Introduction to Geospatial Data in R
This tutorial will give a brief introduction on how to perform simple import and visualization of geospatial area data in R.
Installing and Using R
R is an open-source computer language and software environment for statistical analysis. R was first developed in 1993 by Ross Ihaka and Robert Gentleman at the University of Auckland, New Zealand. It based on the S statistical computing language that was originally developed at the legendary Bell Labs in 1976. R has become a popular package for data science and financial analysis.
You may download R for PC or Mac on the Comprehensive R Archive Network (CRAN) home page if you wish to use it on your own machine.
If you are a member of the University of Illinois community, R is available on most open lab computers and on computers you access remotely via UIUC AnyWare and can be found in the Start. Use the 64-bit version.
The R user interface displays three different types of screens:
- The console is where you can type and run R commands.
- Graph display windows will pop up when you plot() in R.
- The script editor is a simple text editor that you can use to prepare script files containing R commands. Scripts are helpful for preserving long sequences of complex commands that you can debug, run multiple times, or submit as classroom assignments.

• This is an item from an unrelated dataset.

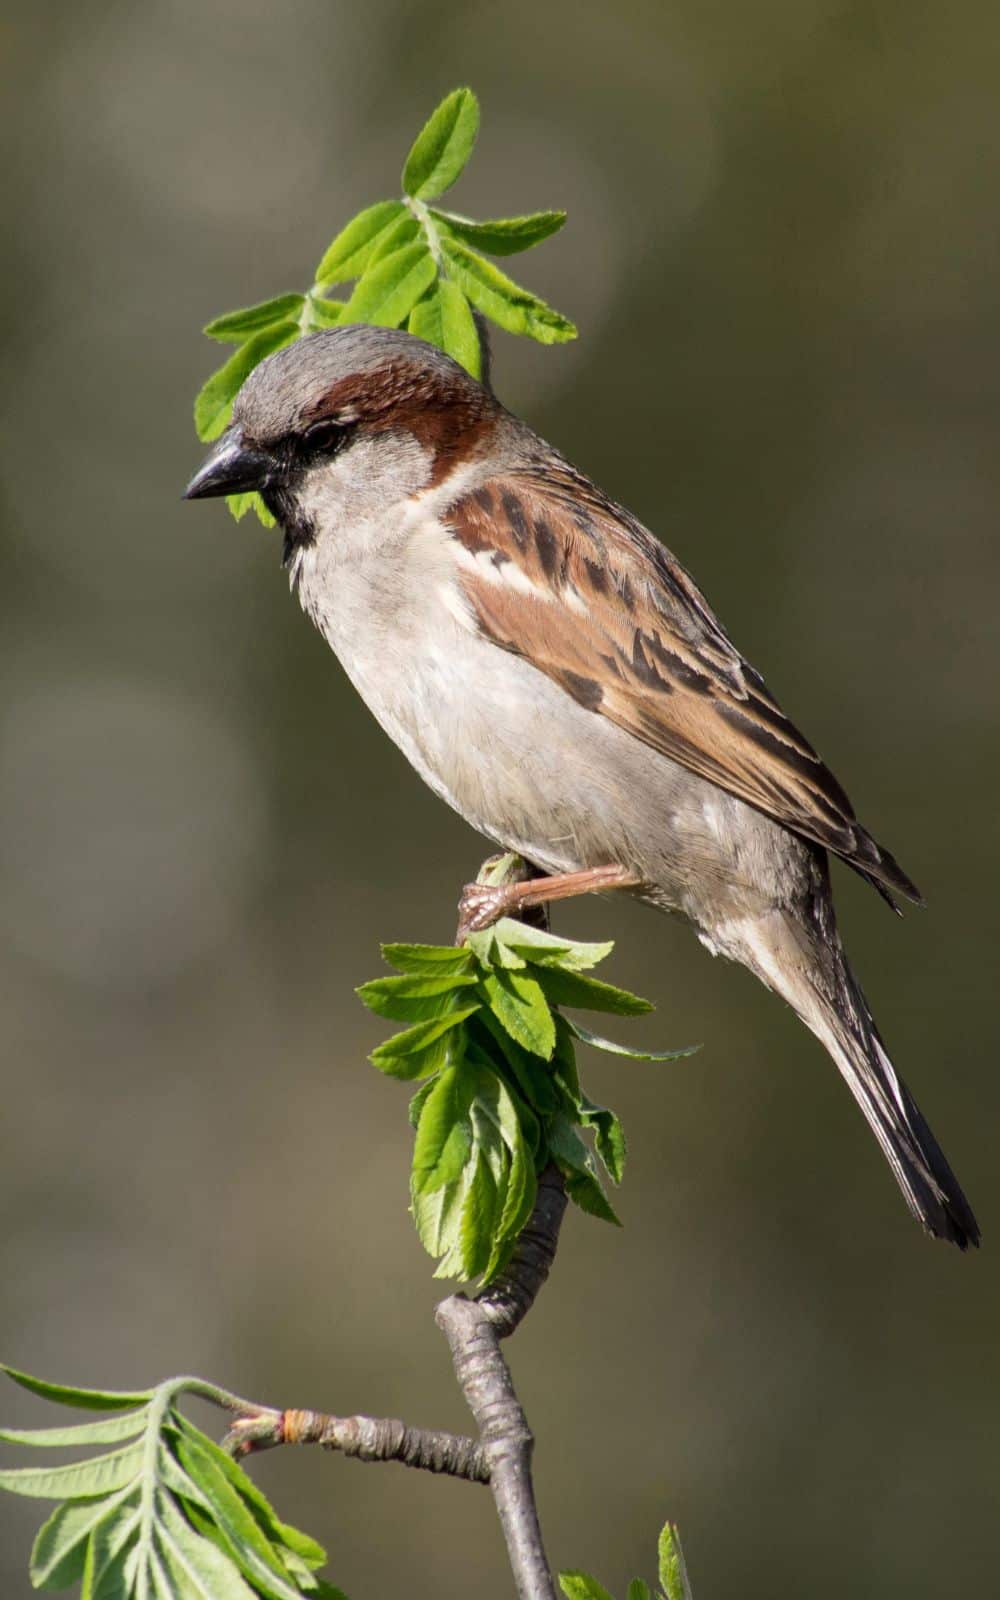 Sparrow symbolism
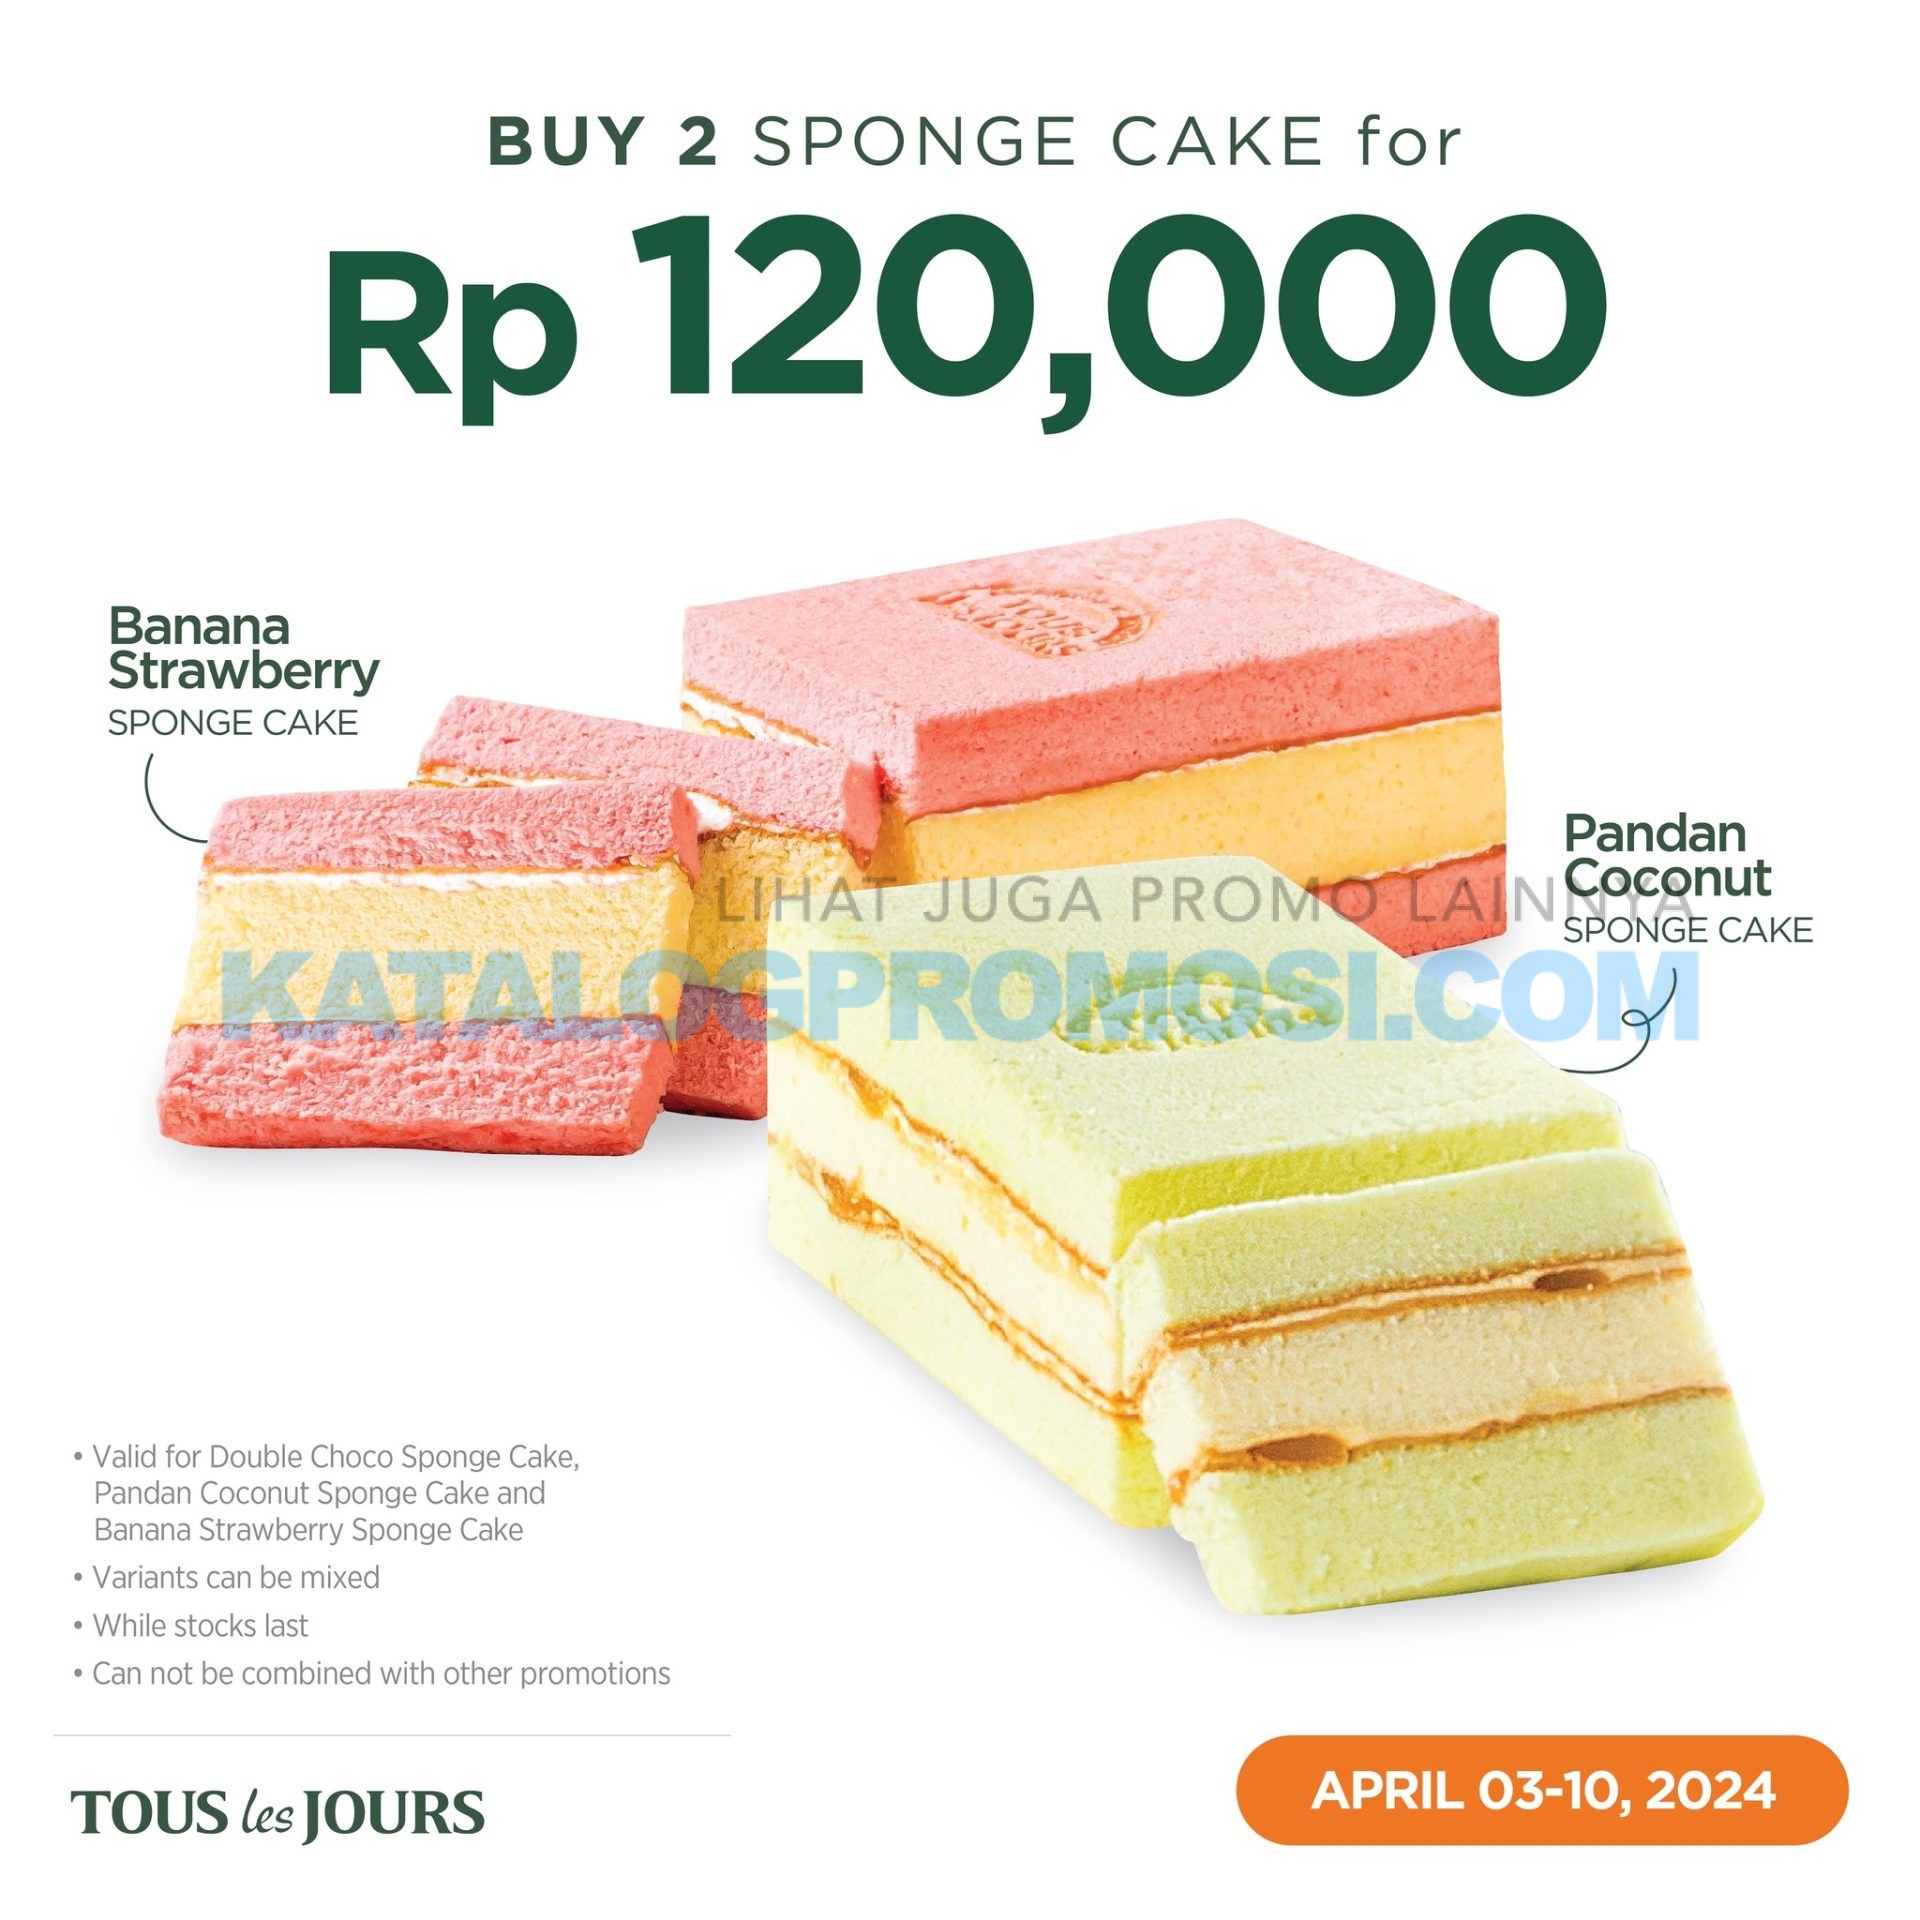 Promo TOUS les JOURS Buy 2 sponge cakes only for Rp 120.000!  berlaku mulai tanggal 03-10 April 2024

Because you interact with R almost exclusively with typed commands, you need to be familiar with some basic language elements in order to use R. While this is an unfamiliar way of working for many users and involves a learning curve, it is also a very fast and precise way of working with software once you gain a modest level of mastery of the language.
Examples in this Tutorial
In the examples given in this tutorial, commands you type are displayed preceded by a > symbol that is a prompt from the program.
After you type a command you press the Enter or Return key to execute the command.
The examples show what R will display in response to your commands.
To get the full benefit of this tutorial, it is recommended that you actually type commands into R as you skim through the examples.
At it's simplest, you can use R as a calculator and it will display the value.
> 2+2  4
R expressions are similar to formulas in Excel and use the same mathematical symbols or operators: + - * /. The carat operator (^) is used for exponents.
> 2+2  4 > 10 + 2  12 > 10 - 2  8 > 10 * 2  20 > 10 / 2  5 > 10^2  100
To make it possible to use the values of calculations in subsequent formulas, you can assign values to named objects. Objects are also sometimes referred to as variables. These are symbolic names you can use in later formulas to save the effort of repeating calculations, or simply to make formulas easier to read.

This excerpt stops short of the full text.